Arriva in edicola il secondo episodio della saga di Tsui Hark dedicata al medico cinese Wong Fei-hung, a metà fra eroe nazionale e leggenda popolare, i cui panni tornano ad essere vestiti da un Jet Li in piena forma. La collana “Bruce Lee e il grande cinema delle arti marziali”, curata da Gazzetta dello Sport e Stefano Di Marino, presenta “Once Upon a Time in China II” (Wong Fei Hung II: Nam yi dong ji keung, 1992).

Si riunisce il cast del primo episodio per dar vita ad uno dei titoli migliori della cinematografia di Hong Kong.

Nel 1895 Wong Fei-hung si reca a Canton per un congresso di medicina tradizionale cinese, accompagnato dal fedele discepolo Leung Foon (Max Mok) e dalla donna a cui tiene con molta moderazione: Siu-kwan (Rosamund Kwan). L’evento però viene interrotto da membri fanatici della Società del Loto Bianco, violenta setta nazionalista guidata da Kung (Xin Xin Xiong) che vuole sollevare i cinesi contro l’invasione e relativa oppressione straniera e che si pone l’obiettivo di liberare Canton da ogni occidentale. Wong, conosciuti alcuni moderati appartenenti alla setta, decide di aiutare i ribelli, ma sulla sua strada incontra il temibile generale Nap-lan (Donnie Yen) del governo manchu.

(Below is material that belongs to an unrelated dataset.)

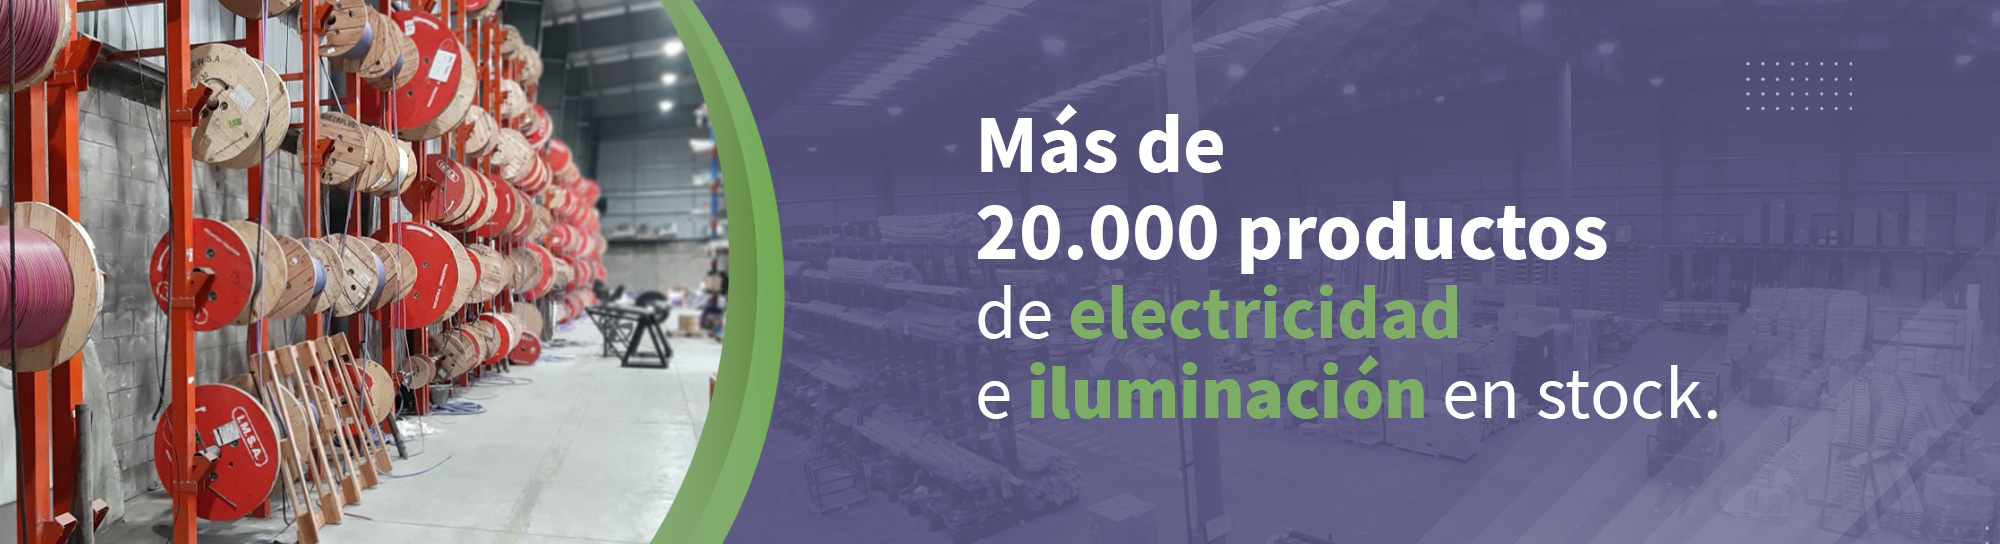 Más de veinte mil productos de iluminacion y electricidad en stock

Questi deve difendere gli stranieri ma in realtà non fa che perseguire i propri loschi piani: sarà inevitabile uno scontro fra Wong e Nap-lan.

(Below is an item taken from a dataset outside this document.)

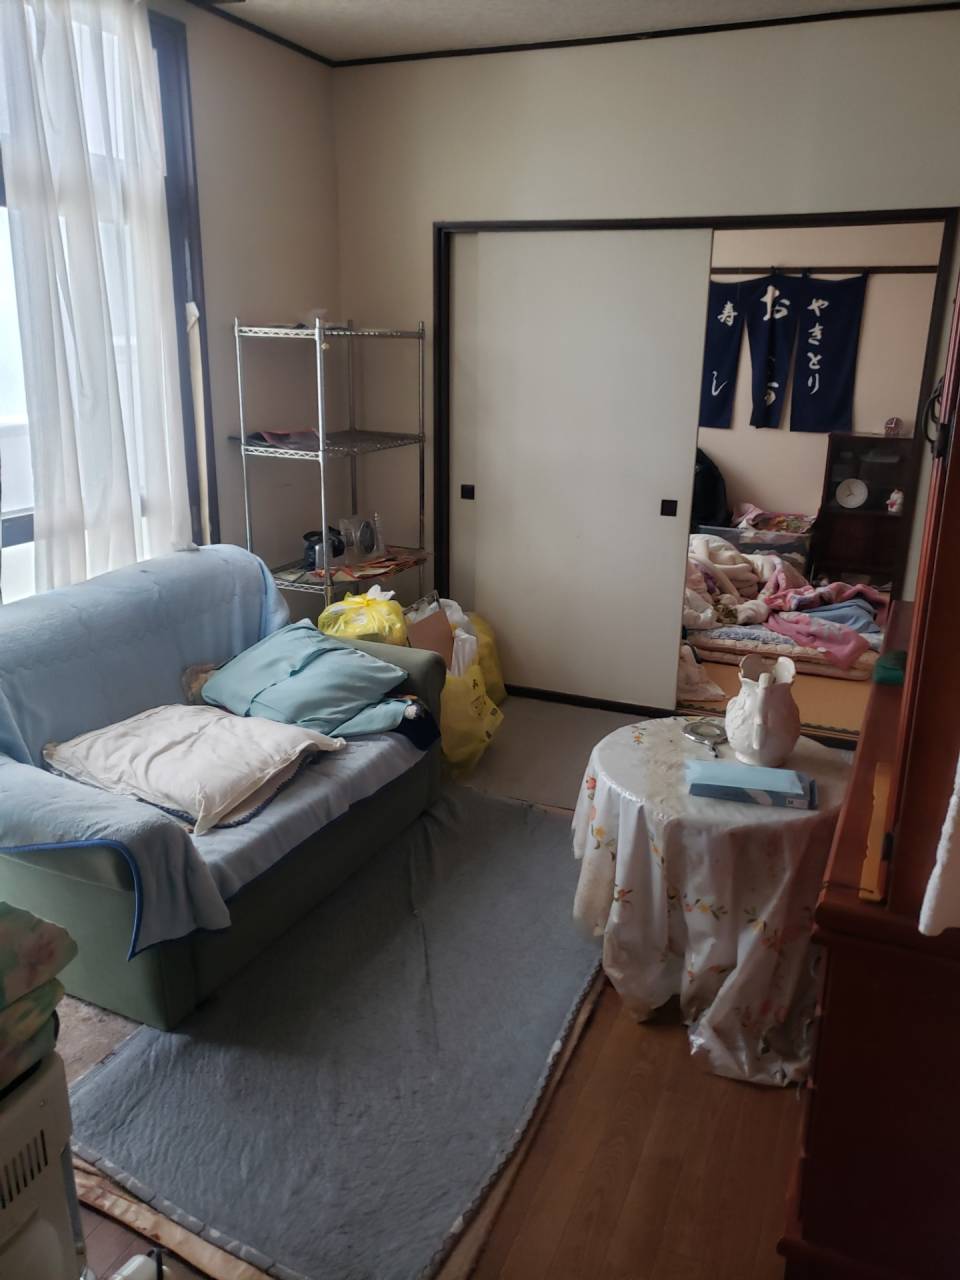 札幌市北区で生活保護受給者の家財搬出

Lo scontro avviene e non è uno scontro da poco. Il combattimento finale di questo film è stato giudicato il migliore di Jet Li sullo schermo, ma non va solo a lui il merito: quando un grande interprete di gongfupian come Jet Li incontra un altrettanto grande interprete come Donnie Yen, il risultato non può che essere di altissimo livello. Purtroppo Yen è pressoché sconosciuto in Italia (tutti i suoi film da protagonista sono inediti) ma la sua celebrità nel mondo e bravura sullo schermo ha ben poco da invidiare a quella di Li.

Il film è immerso in un’epoca storica molto travagliata: la Cina è appena uscita dalla guerra con il Giappone ed è un paese infiammato dalla febbre nazionalista. Quello che nel film appare come una setta di invasati in realtà assomiglia molto al fenomeno Yihequan, che può essere tradotto con “Pugni di giustizia e concordia” e che gli inglesi ribattezzarono semplicemente “Boxer”. La rivolta dei Boxer fu un evento terribile che salutò l’inizio del Novecento inondandolo di sangue: centinaia di stranieri e decine di migliaia di cinesi cristiani persero la vita in un movimento che oggi la Cina vede come patriottico, ma che poco si discosta da scorribande di criminali assassini. Nel 1976 uno fra i registi più “epici” di Hong Kong, Chang Cheh, immortala gli eventi nel suo celebre “Boxer Rebellion” (Pa kuo lien chun), separando sapientemente il fervore nazionalistico contro lo straniero invasore dalla semplice volontà criminale.

Una curiosità: il capo del Loto Bianco, Kung, è interpretato da quel Xin Xin Xiong che dal terzo episodio sarà presenza fissa della saga. Xiong è un fenomenale coreografo marziale che Tsui Hark utilizzerà in modo quasi fisso per i propri film, e nel 2001 viene chiamato negli Stati Uniti per curare le scene d’azione del film “D’Artagnan” di Peter Hyams: per il combattimento finale Xiong attingerà proprio al primo episodio della saga di Wong Fei-hung, riproponendo la sfida all’interno di un granaio con tanto di scale volanti.

 

Once Upon a Time in China II” non è quindi un semplice film di arti marziali o un sequel sull’onda del successo del primo titolo: è un ottimo gongfupian (le cui coreografie curate da Yuen Woo-ping e Donnie Yen vinsero nel 1993 l’Hong Kong Film Awards) ma anche un documento storico (il personaggio di Suen Man si rifà a Sun Yat-sen, il fondatore della Cina moderna) di un Paese e di un’epoca lontani ma purtroppo sempre attuali: l’odio, la guerra e la violenza non conoscono infatti né limiti di età né di cultura né di barriere politiche.

Come contenuto speciale dell’edizione DVD è presente un breve documentario su Wong Fei-hung: la sua vita, la sua opera e cosa rappresenta per la Cina.